## TASK PROMPT
Below are entries; repeat exactly, and nothing else, the lines from the one holding "bali tegalalang rice terraces" through the one holding "Merrell trail glove", inclusive. Leave the pictures out.
Segment Start: DATASET RECORDS
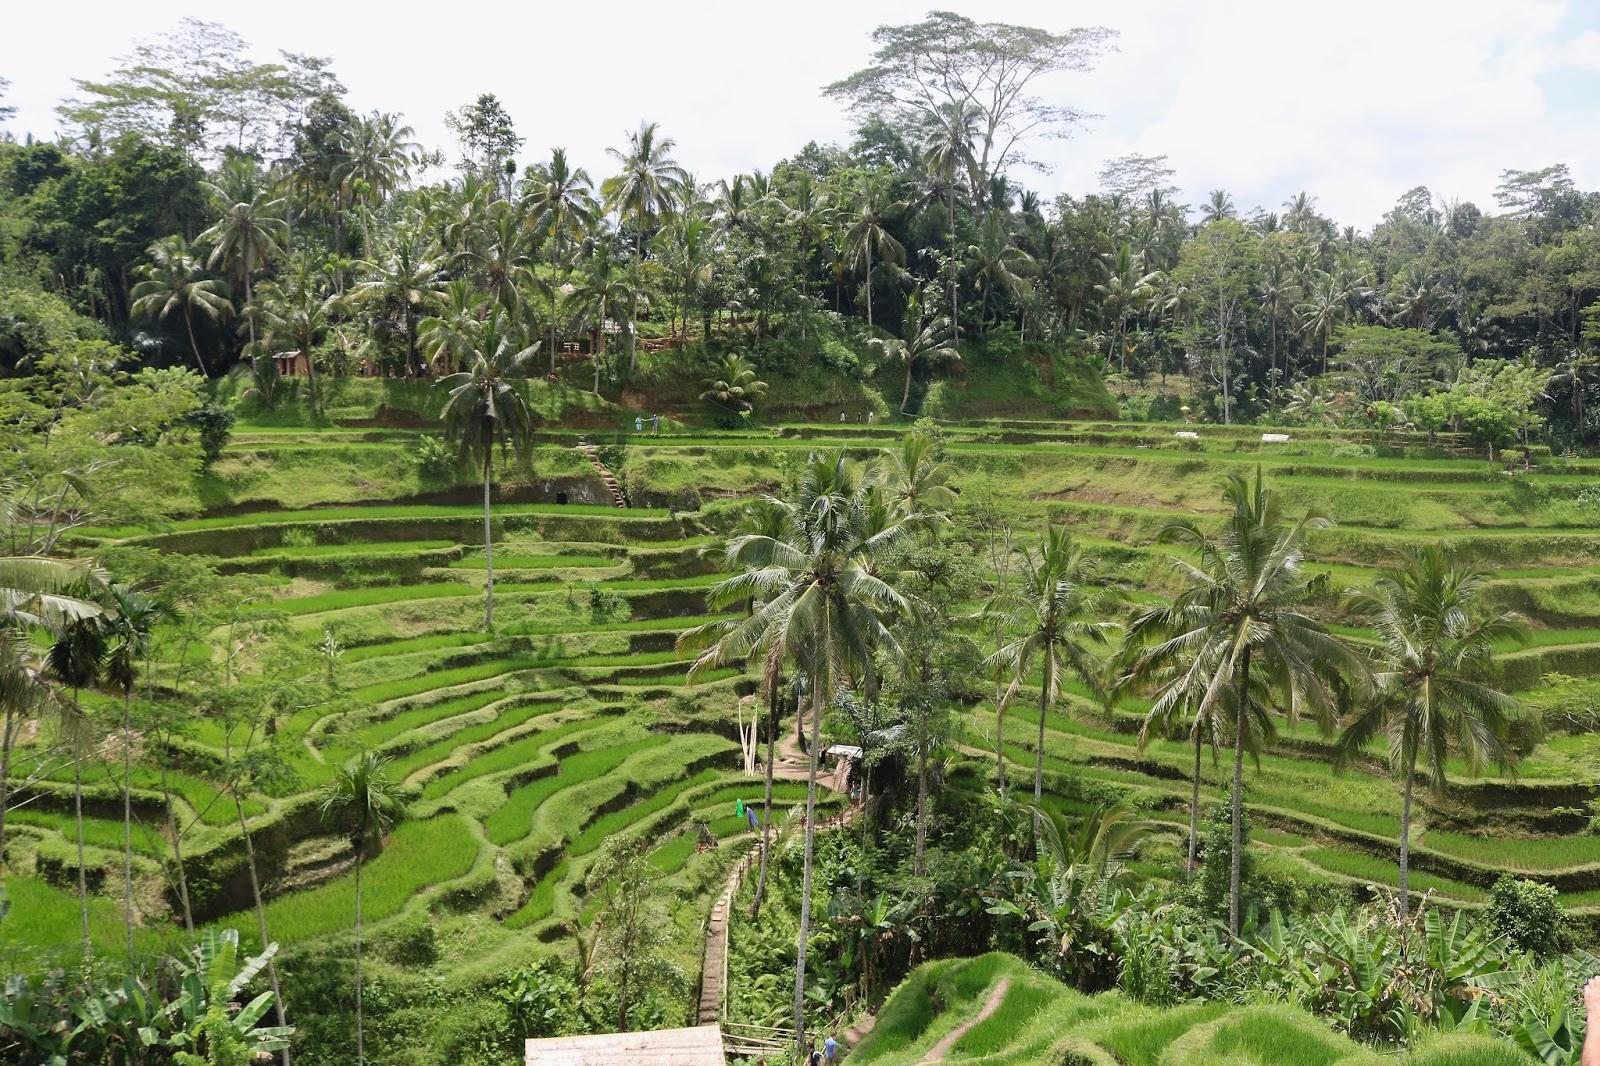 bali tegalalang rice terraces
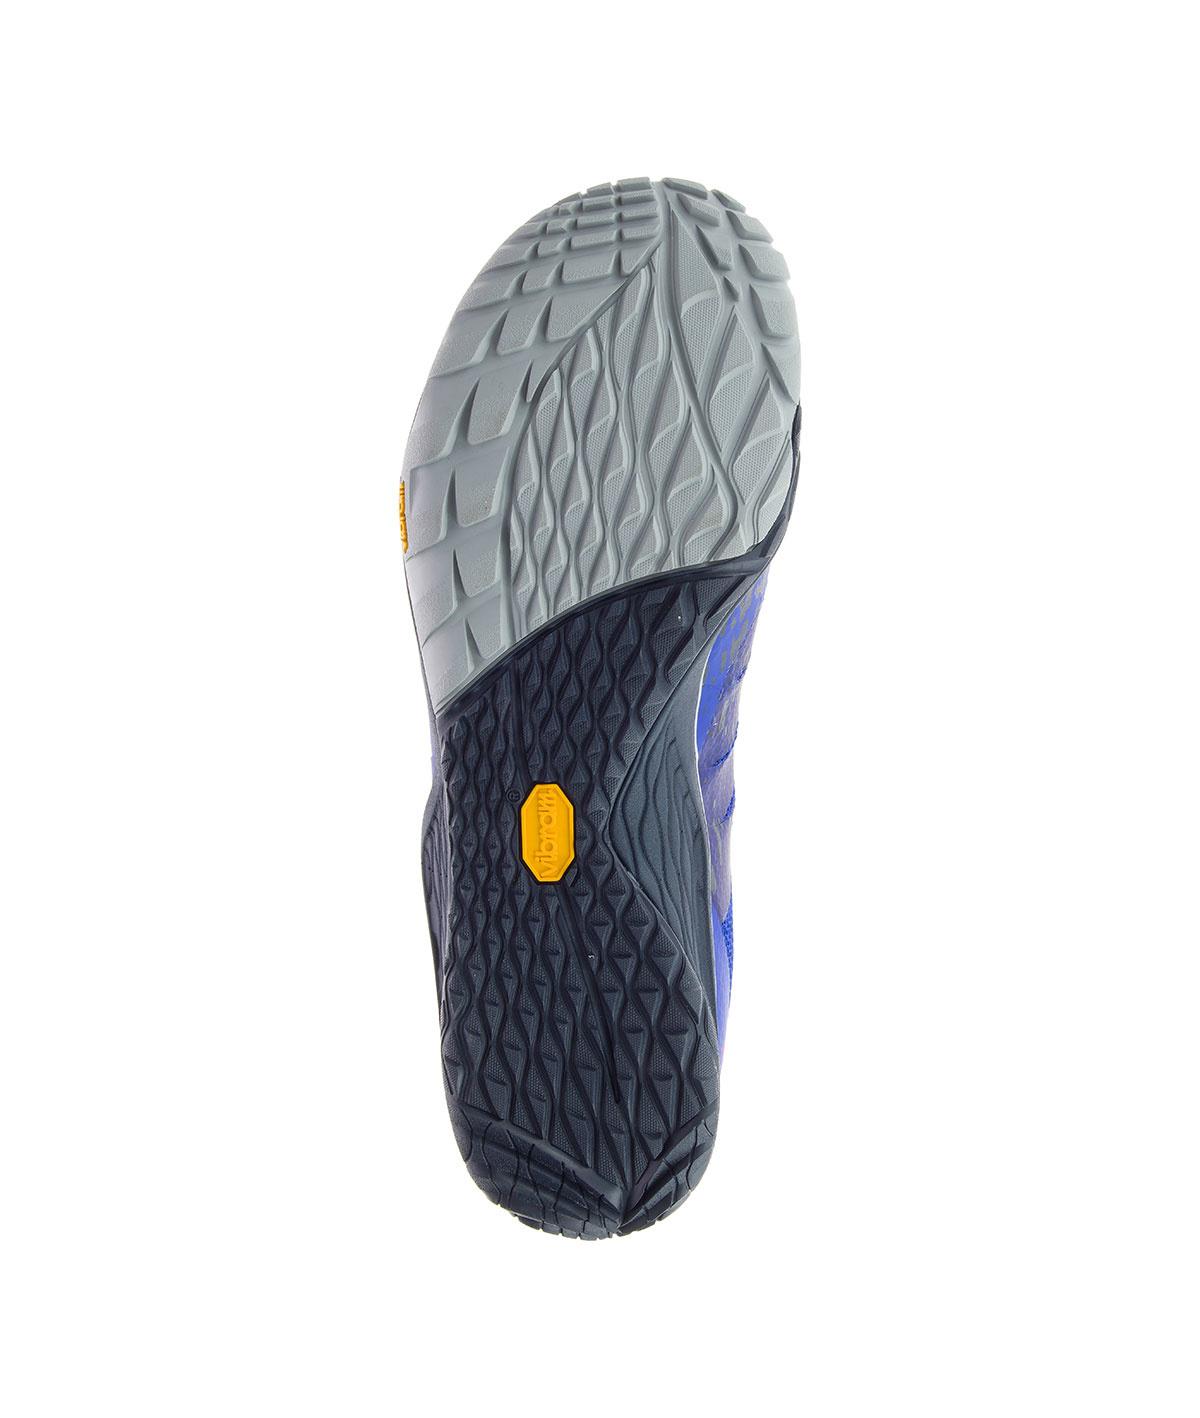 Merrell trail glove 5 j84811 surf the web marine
Segment End: DATASET RECORDS
Segment Start: DATASET RECORDS
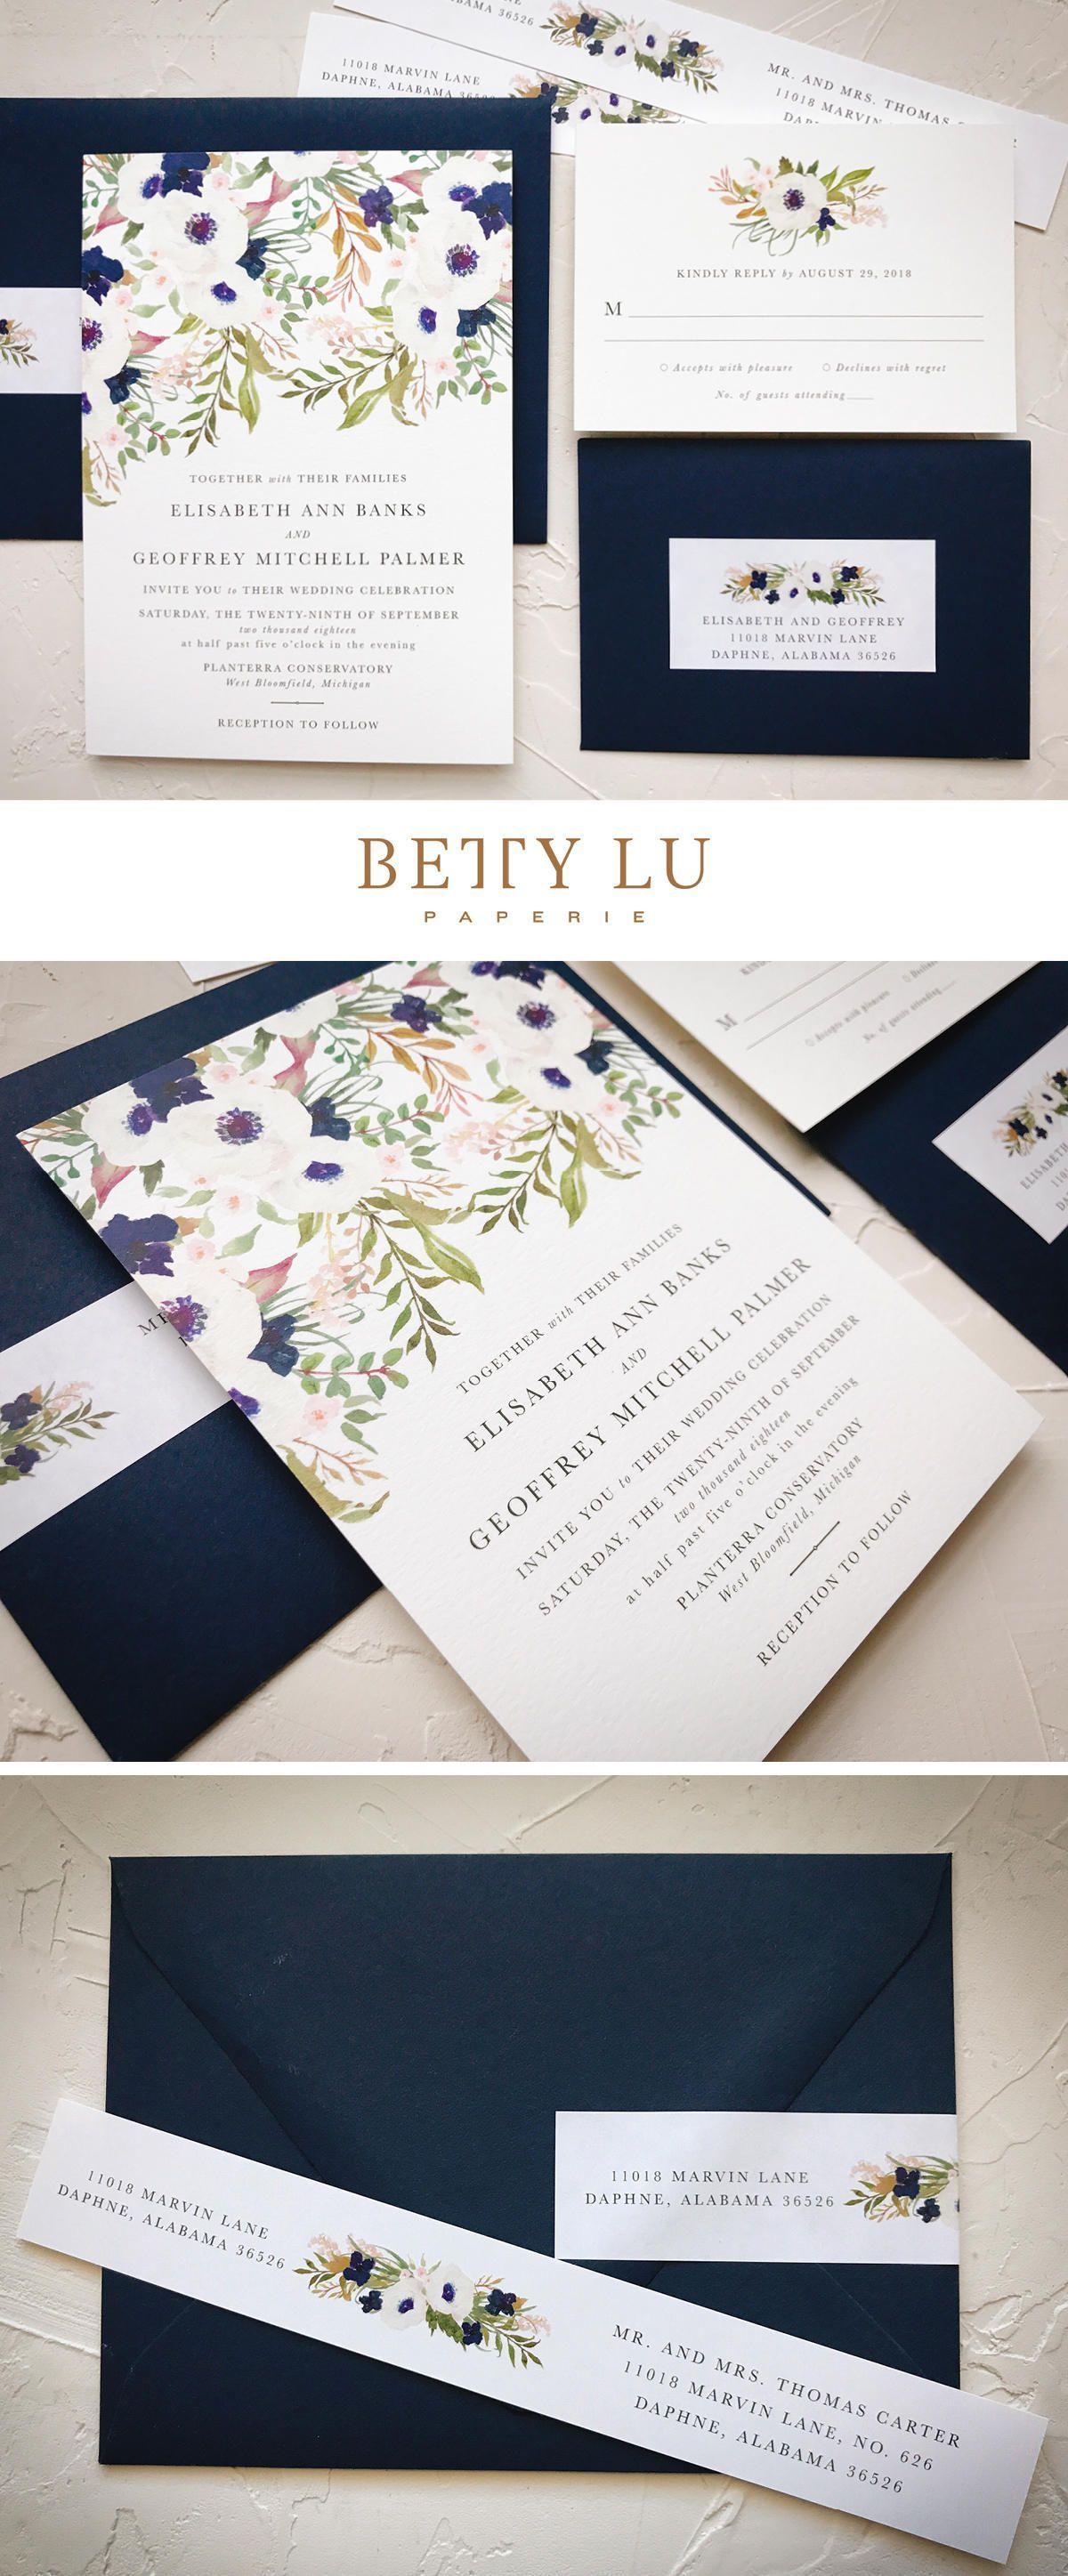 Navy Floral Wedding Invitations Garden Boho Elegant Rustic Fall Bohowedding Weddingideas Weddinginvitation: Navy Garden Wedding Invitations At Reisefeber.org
Segment End: DATASET RECORDS
Segment Start: DATASET RECORDS
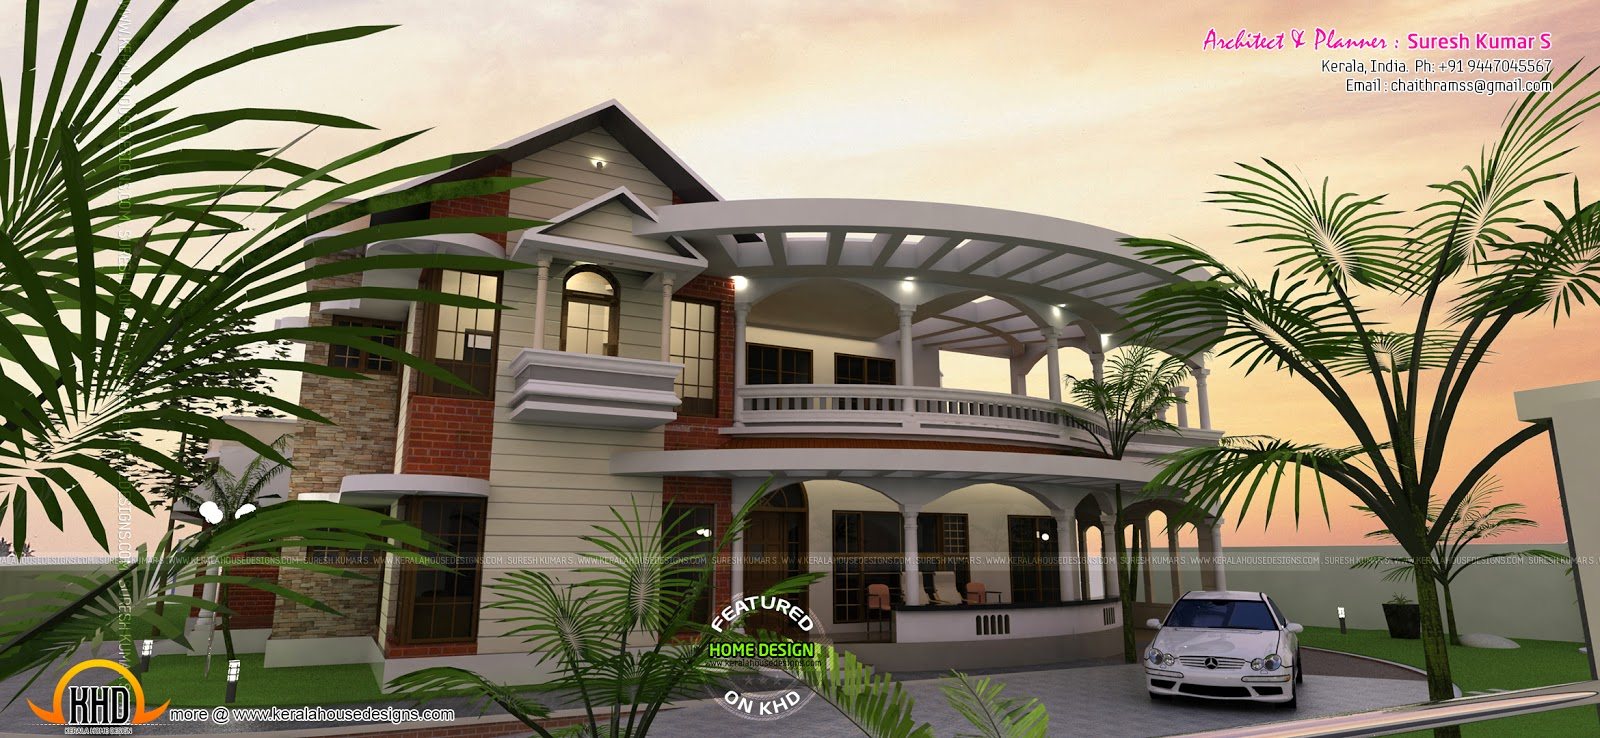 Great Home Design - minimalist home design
Segment End: DATASET RECORDS
## RESULT OF THE EXERCISE
 bali tegalalang rice terraces
 Merrell trail glove 5 j84811 surf the web marine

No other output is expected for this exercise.